What you need to do -
The answer is the data below, repeated exactly, with no pictures included.

Dataset content -

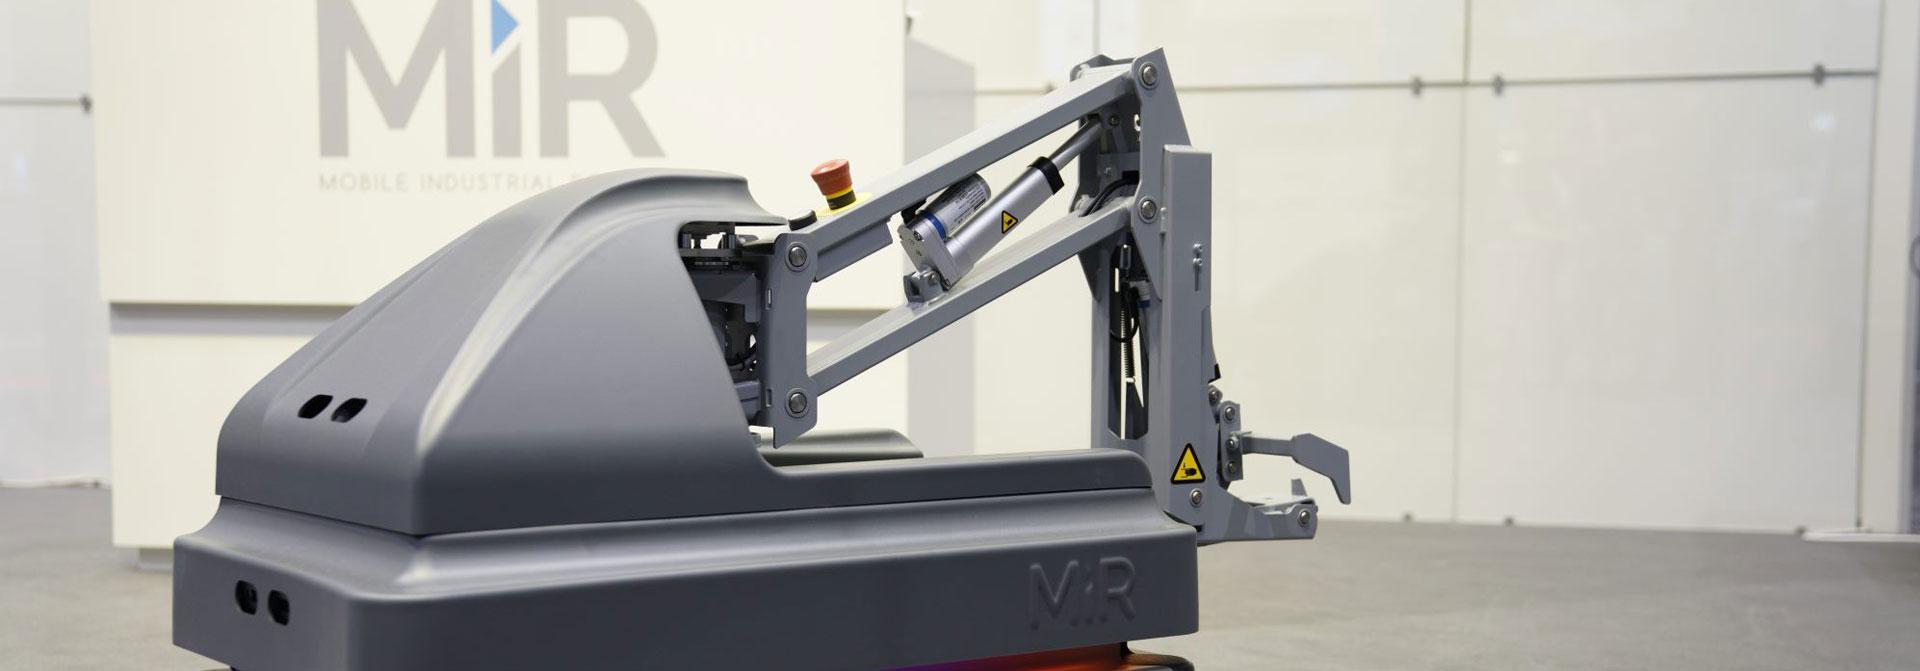 MiR Robot
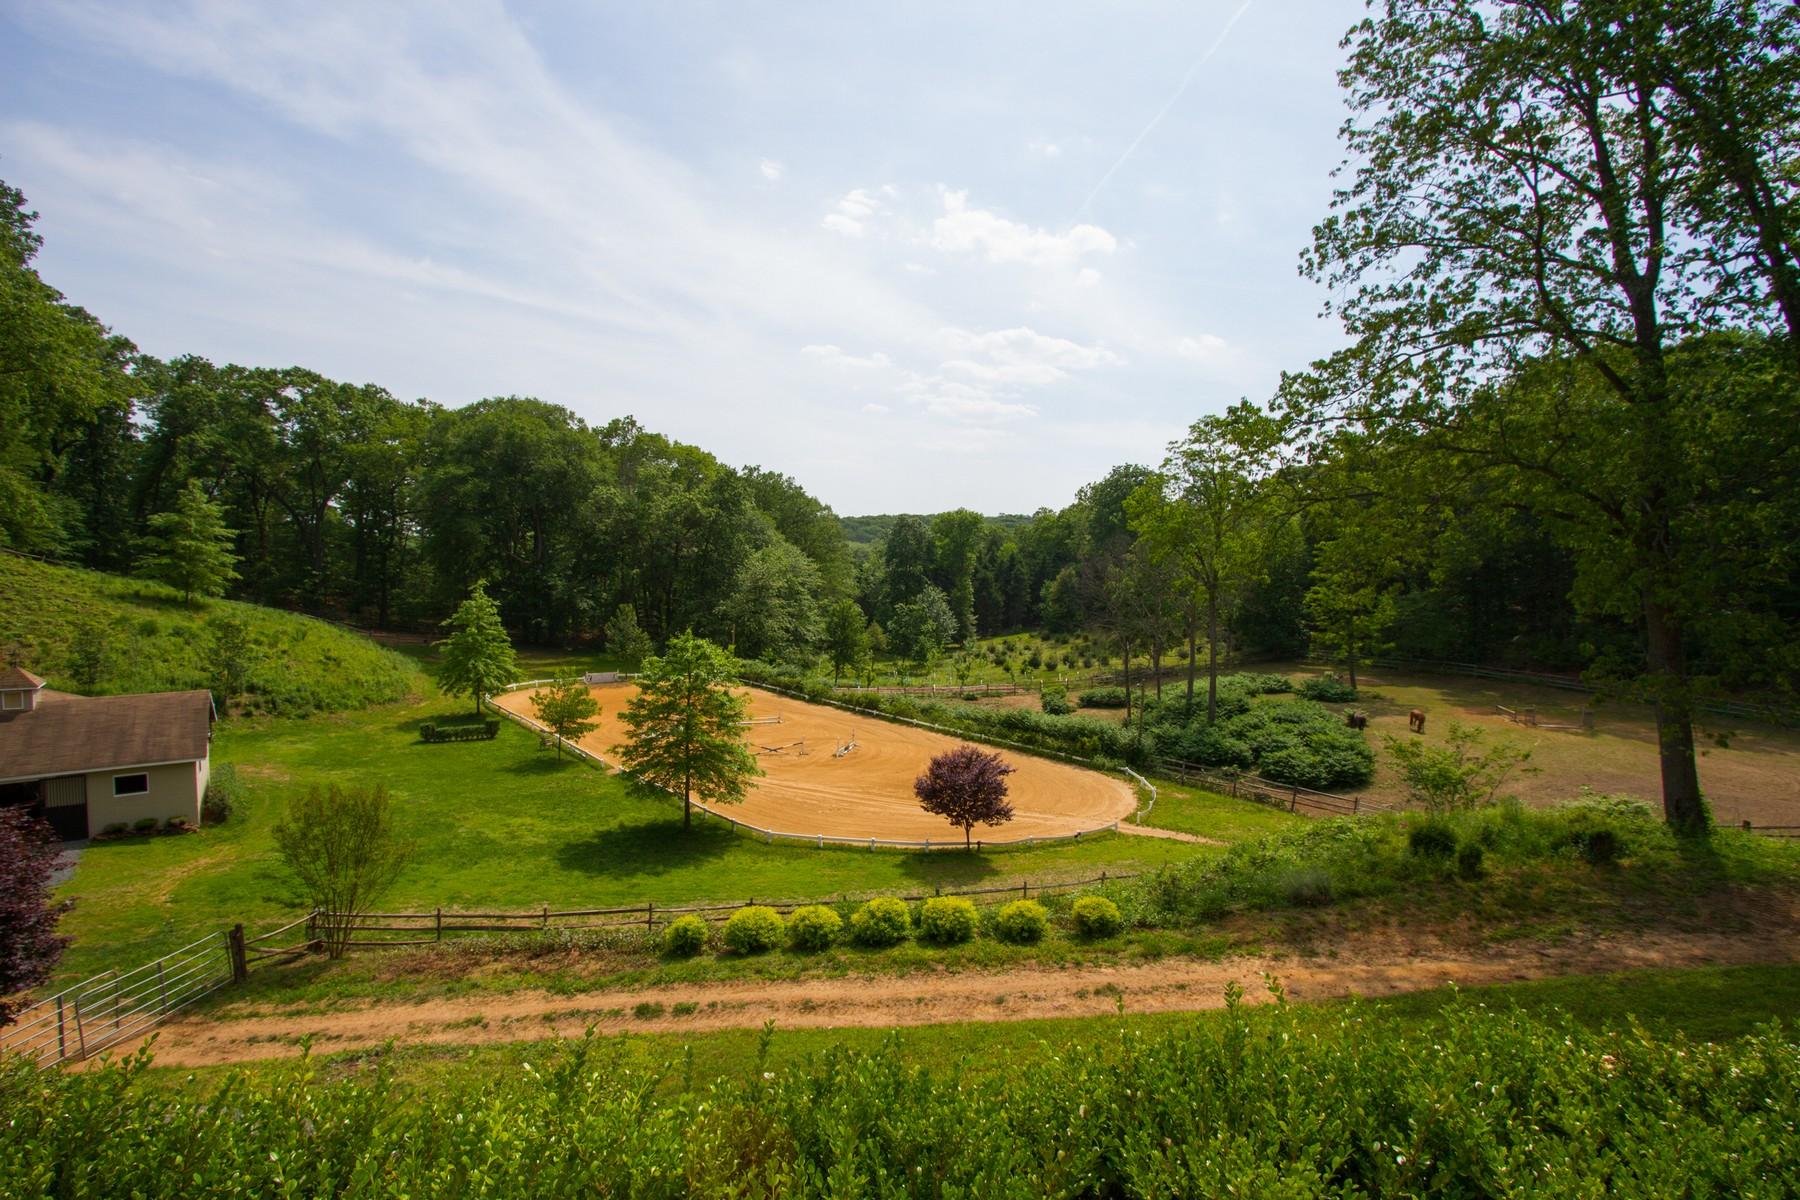 Fazenda / Quinta / Rancho / Plantação para Venda às Equestrian Estate 16 Browns Ln Atlantic Highlands, Nova Jersey 07716 Estados Unidos
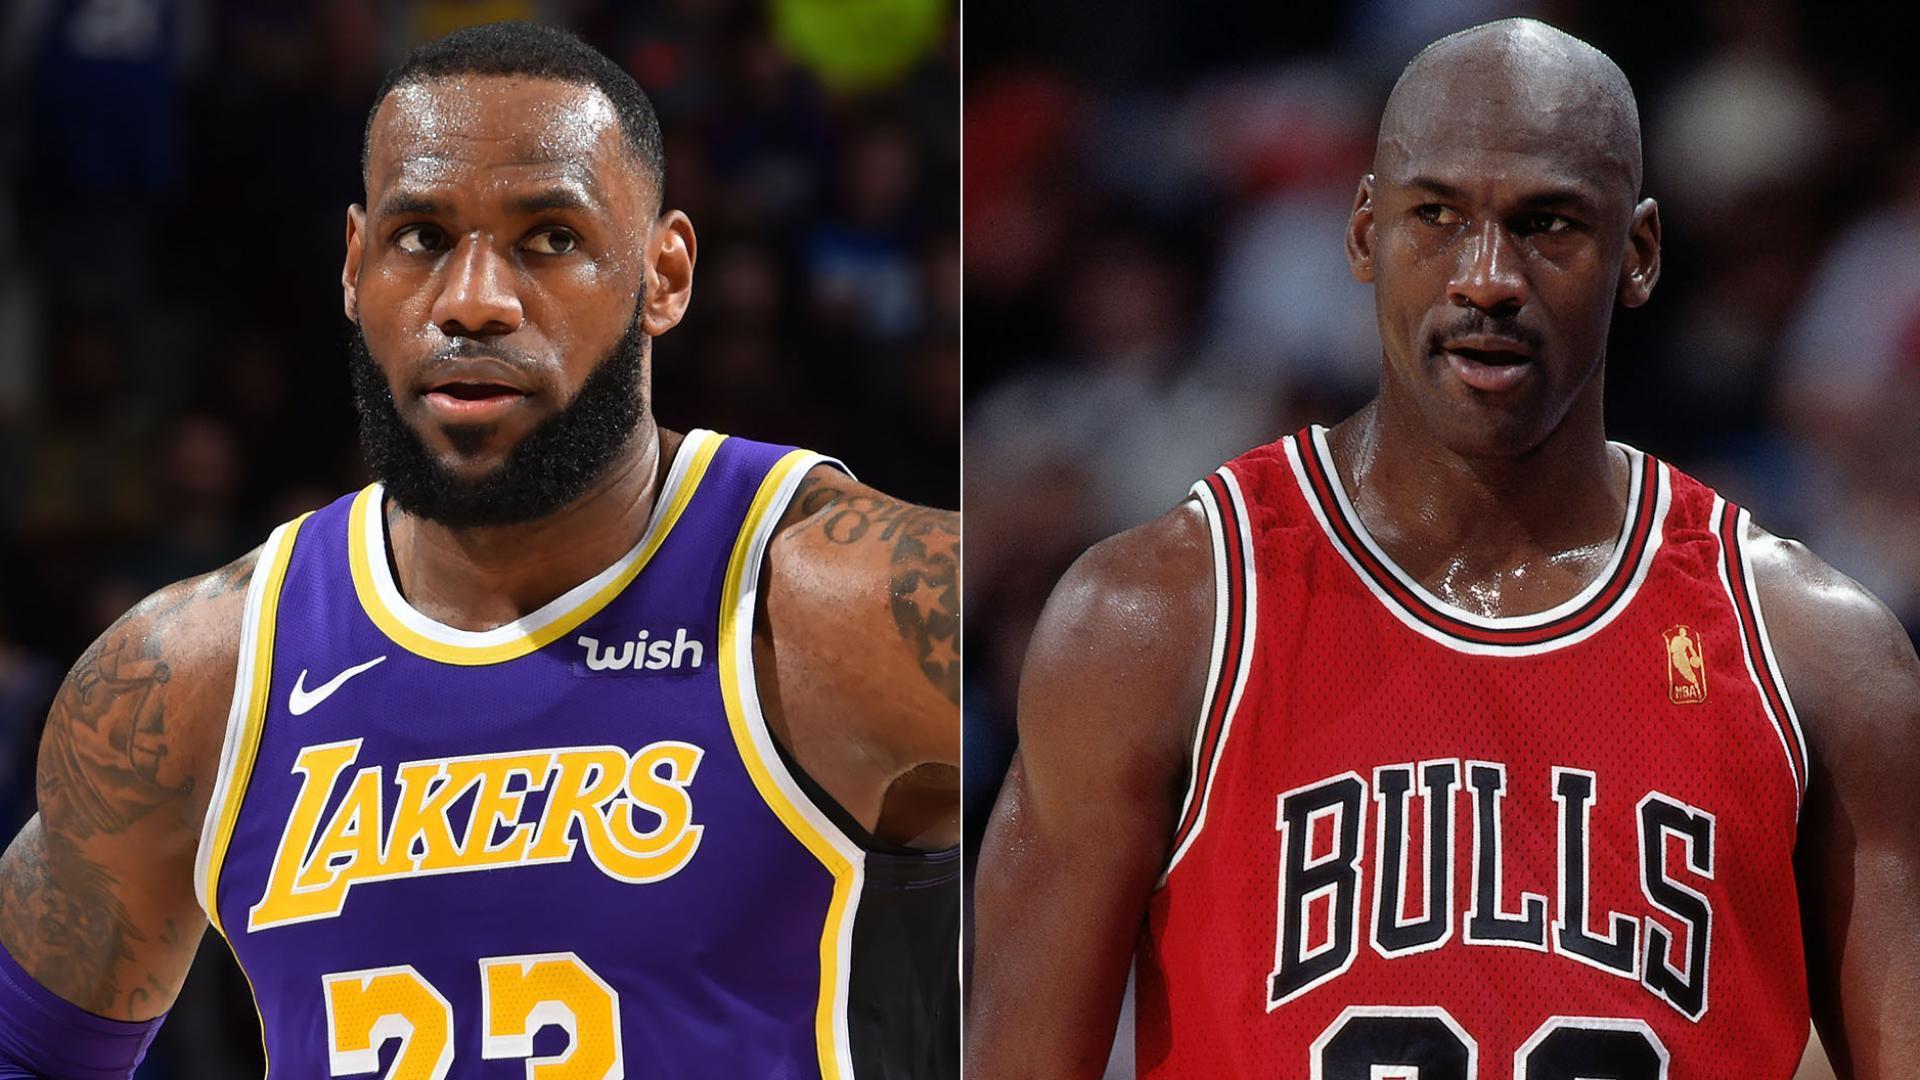 美媒評選NBA真正能夠稱得上影響世界的球員僅有4位,喬丹、詹姆斯在列,Curry未上榜!-Haters-黑特籃球NBA新聞影音圖片分享社區

Written solution -
 MiR Robot
 Fazenda / Quinta / Rancho / Plantação para Venda às Equestrian Estate 16 Browns Ln Atlantic Highlands, Nova Jersey 07716 Estados Unidos
 美媒評選NBA真正能夠稱得上影響世界的球員僅有4位,喬丹、詹姆斯在列,Curry未上榜!-Haters-黑特籃球NBA新聞影音圖片分享社區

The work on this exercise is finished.